The streets are alive again. The Jundi park was humming with boisterous children and families, makeshift sheesha cafes, and peanut and corn vendors Thursday.
The fruit vendors, too, have resumed marketed their produce on donkey carts via megaphone along the city streets.
But overshadowing it all is an uncertain feeling that this sense of security, like everything else here, is temporary. The "interim" agreement is temporary. The refugee issue is "temporary". Our legal status is "temporary".
You can sense it in people's tones; the fear of the unknown; of abandonment; of complete and total catastrophe and implosion.
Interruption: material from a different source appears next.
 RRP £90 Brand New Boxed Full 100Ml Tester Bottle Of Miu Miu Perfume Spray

Even the head of Rafah's preventive security branch. "How can I serve and protect our society if I can't even protect myself?" he confided. "Forget about a two-state solution. Forget about everything. We'd do well to just stay alive now."
Meanwhile, Israeli executions and attacks continue unabated. OCHA reports that a total of 53 Palestinians- including five children- have been killed and 185 injured from May 16 to June 1.
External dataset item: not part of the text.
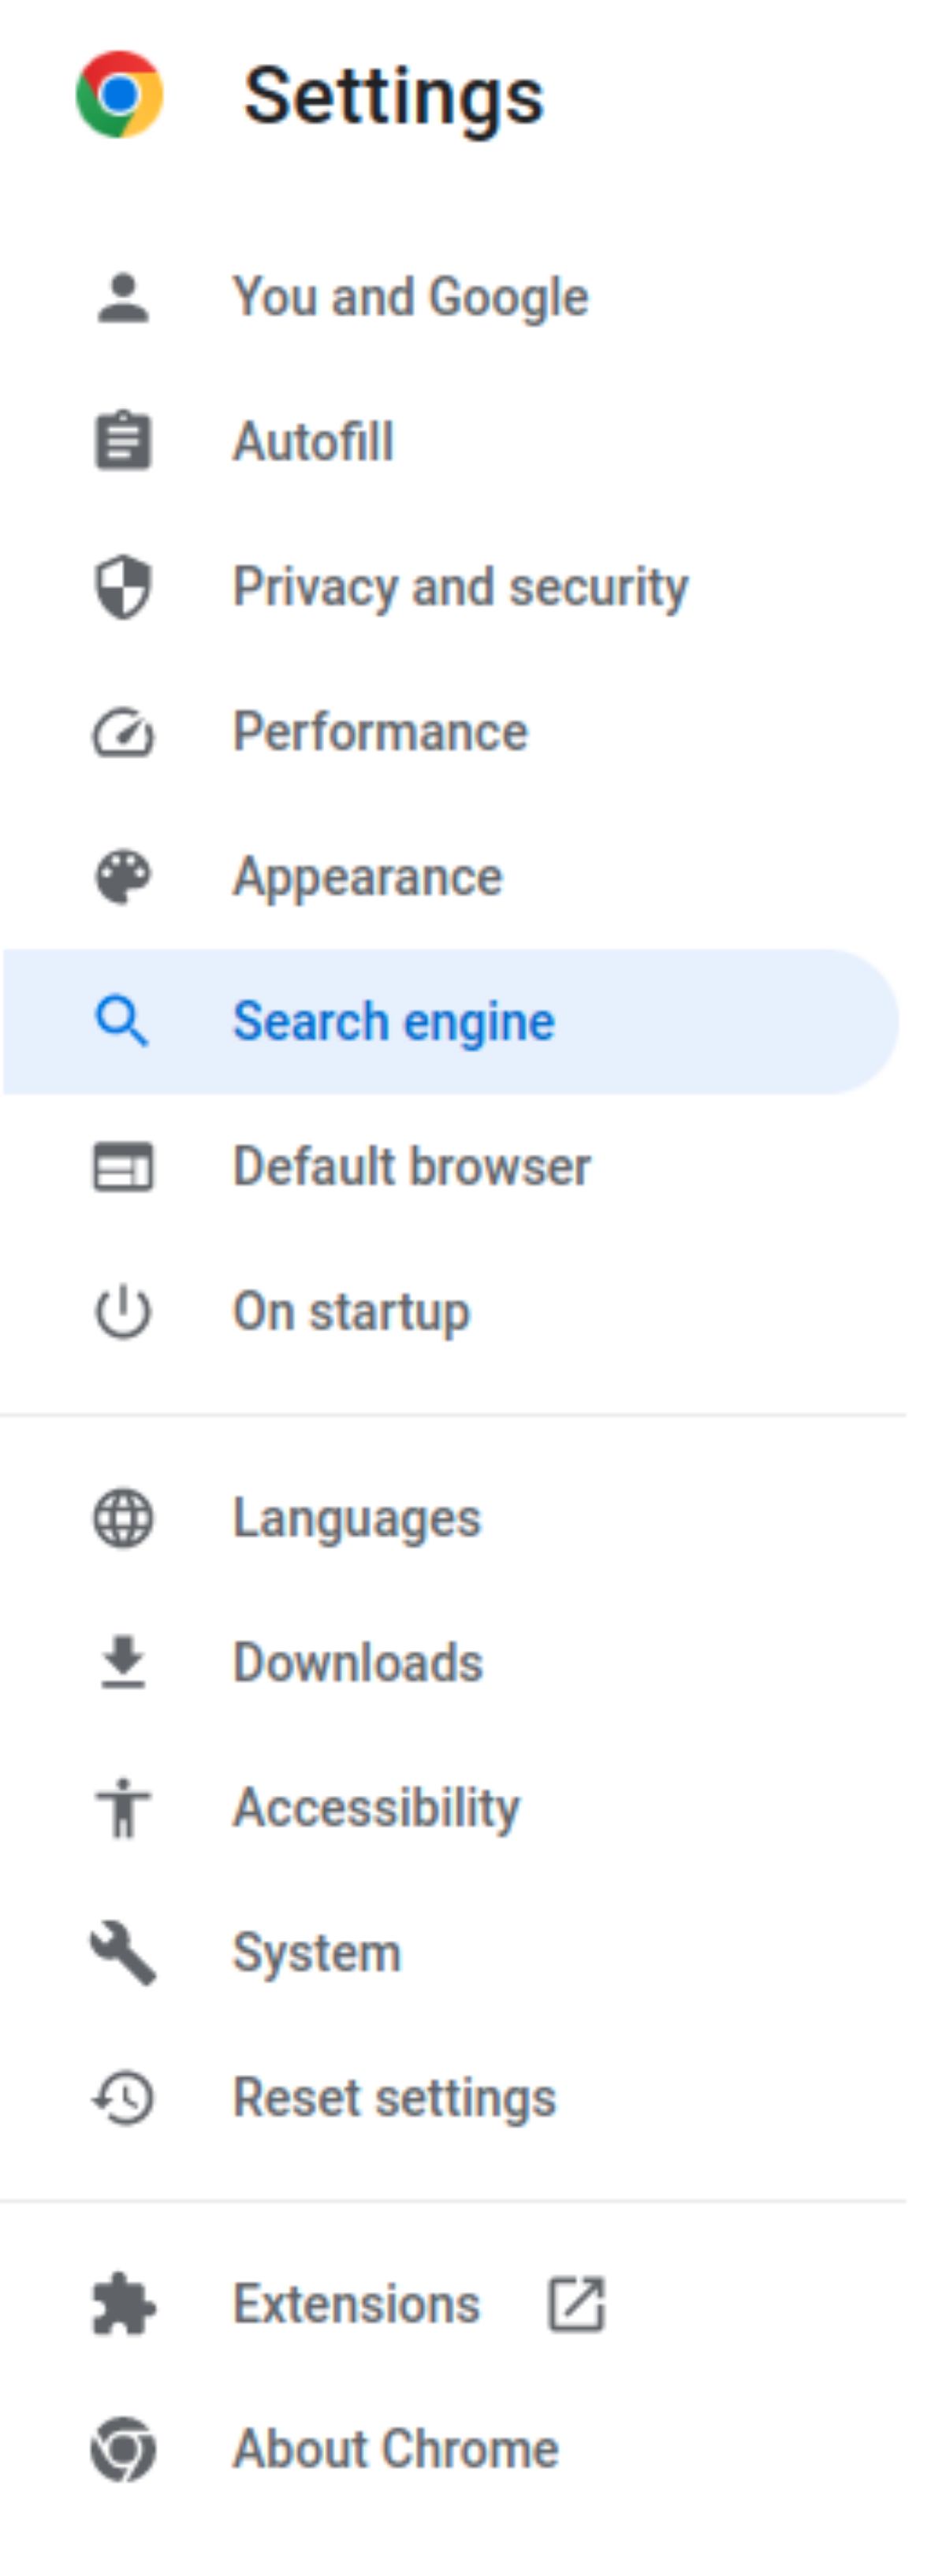 Chrome Settings > Search engine

This does not include two young brothers, 11 and 12, searching for scrap metal to sell this week, when they were
gunned down by Israeli snipers positioned near the border. The soldiers said they thought they were planting a bomb. The reality is-soldiers are authorized to shoot at any moving object that comes within 700 metres of the border.
Over the same period, two Israeli soldiers were injured in Gaza, and two Israeli civilians killed.